- _Brief_
Reproduce, from the lines below, exactly the stretch that begins at the line containing "20 facts you" and ends at the line containing "BRAND NEW CHROME", both included.
Data section Block Start
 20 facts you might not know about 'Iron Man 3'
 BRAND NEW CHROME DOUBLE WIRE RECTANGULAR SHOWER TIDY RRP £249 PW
Data section Block End
Data section Block Start
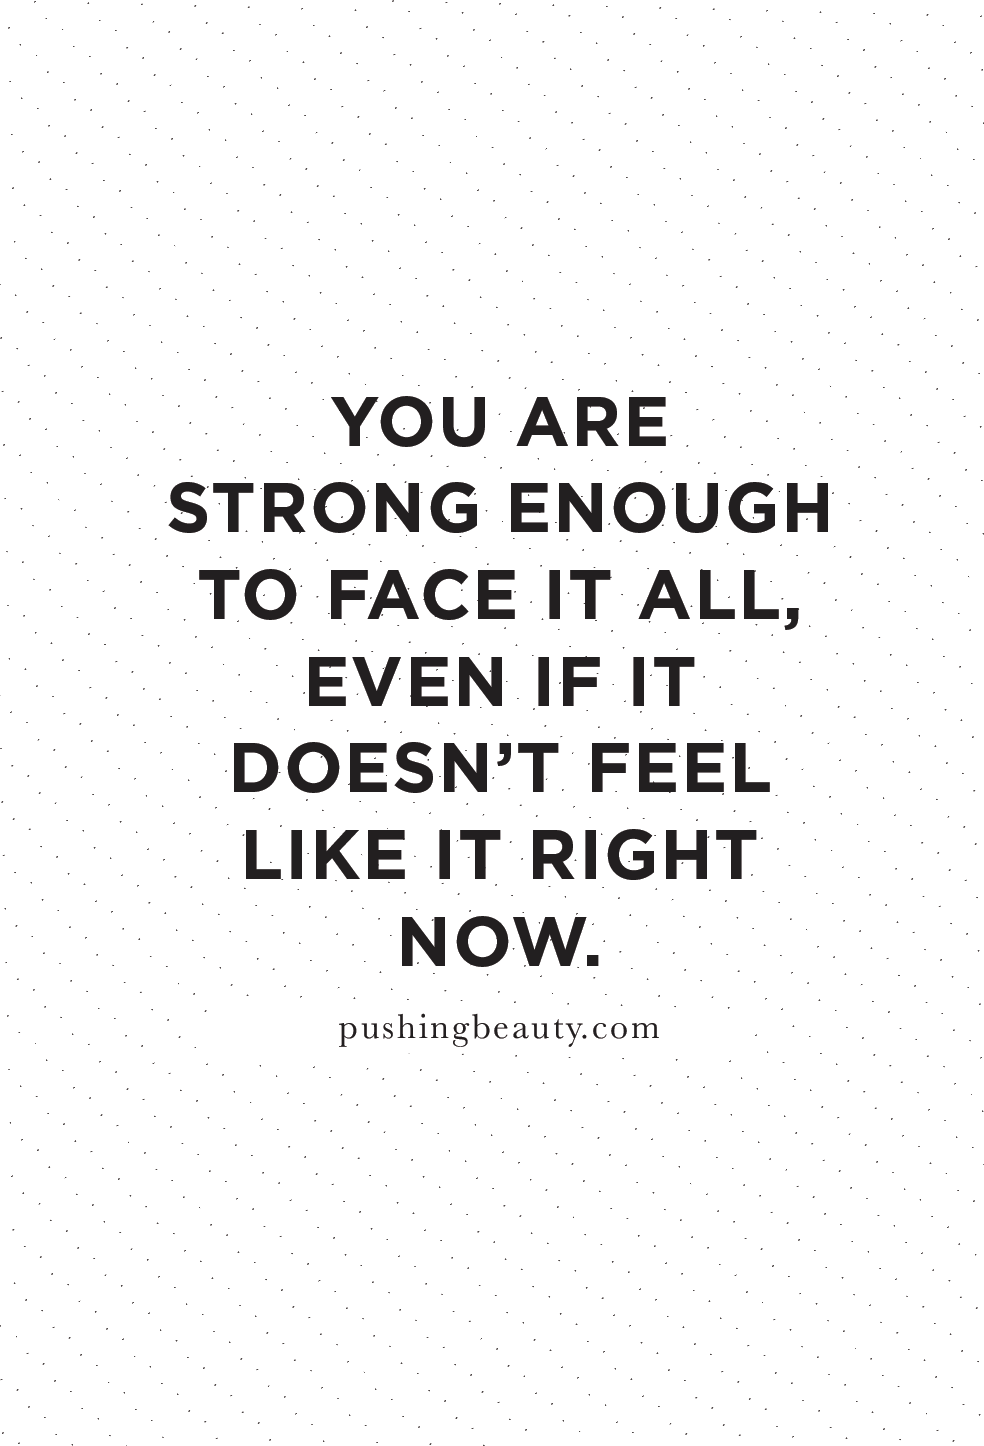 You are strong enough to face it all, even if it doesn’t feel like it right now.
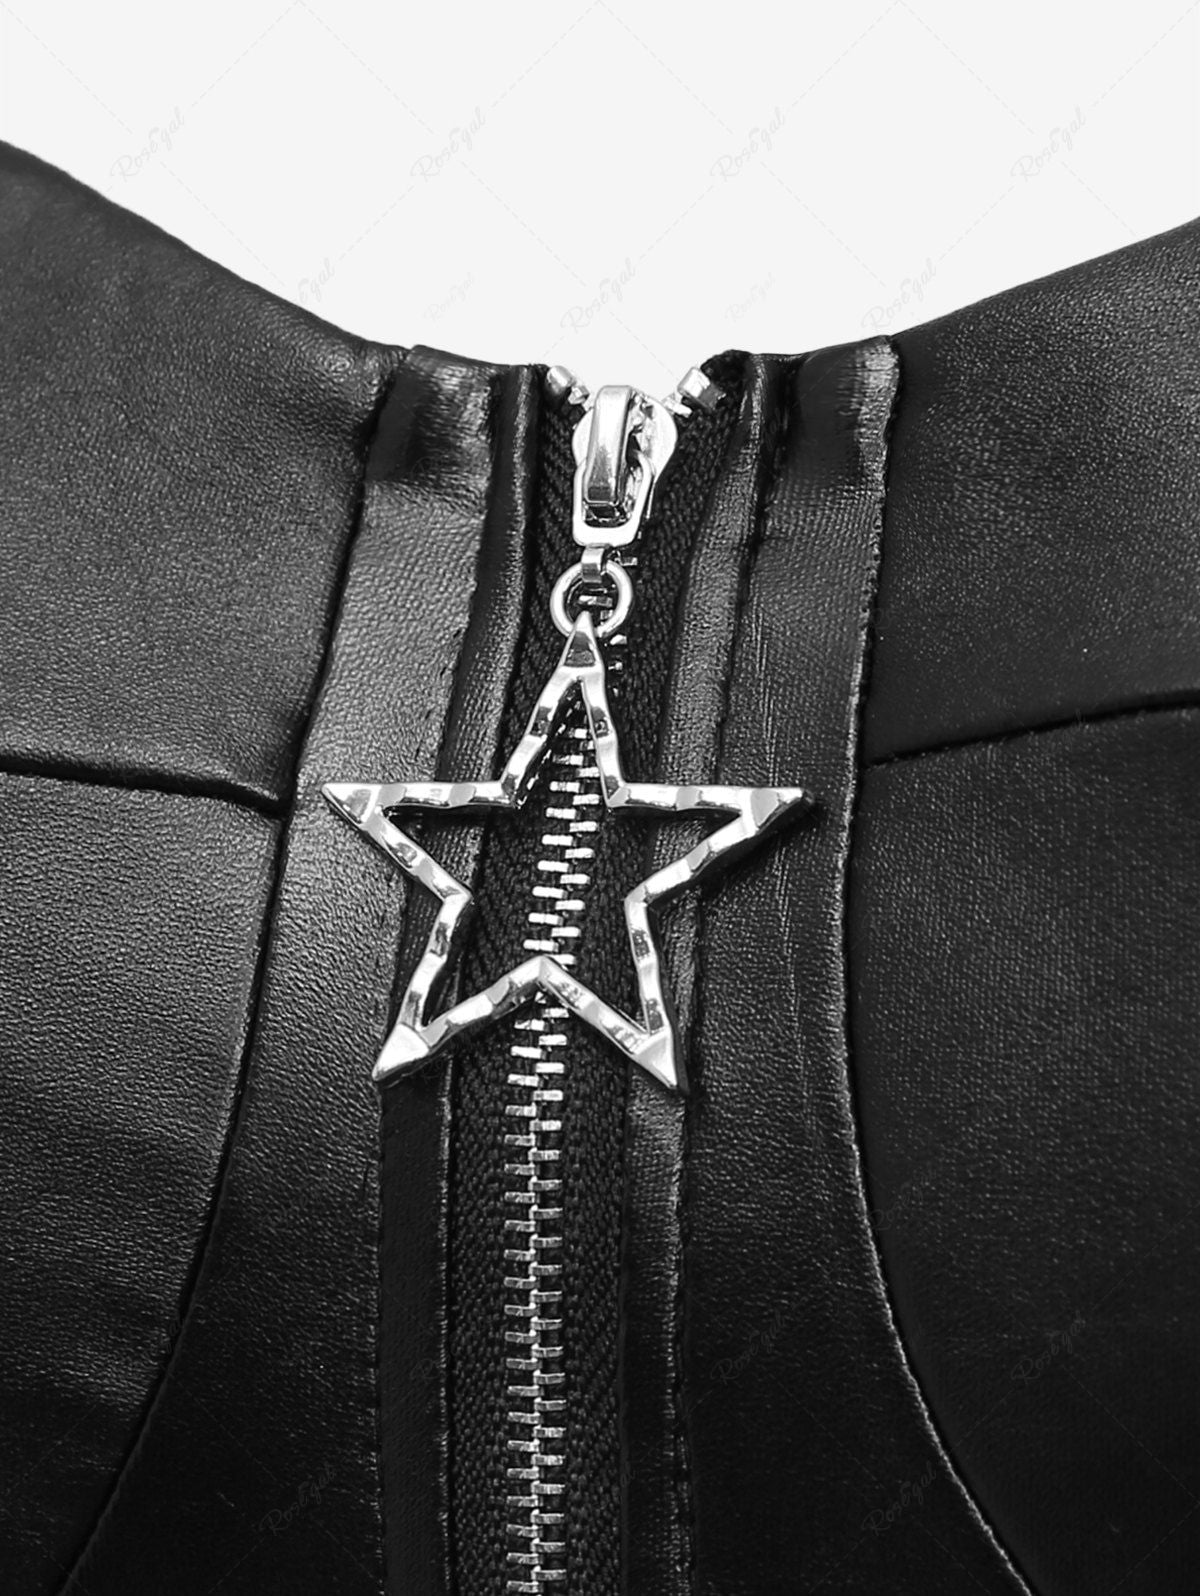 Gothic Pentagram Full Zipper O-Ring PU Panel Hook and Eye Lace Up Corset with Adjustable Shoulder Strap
Data section Block End
Data section Block Start
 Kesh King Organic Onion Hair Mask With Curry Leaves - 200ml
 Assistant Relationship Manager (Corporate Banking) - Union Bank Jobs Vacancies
Data section Block End
- _Exercise answer_
 20 facts you might not know about 'Iron Man 3'
 BRAND NEW CHROME DOUBLE WIRE RECTANGULAR SHOWER TIDY RRP £249 PW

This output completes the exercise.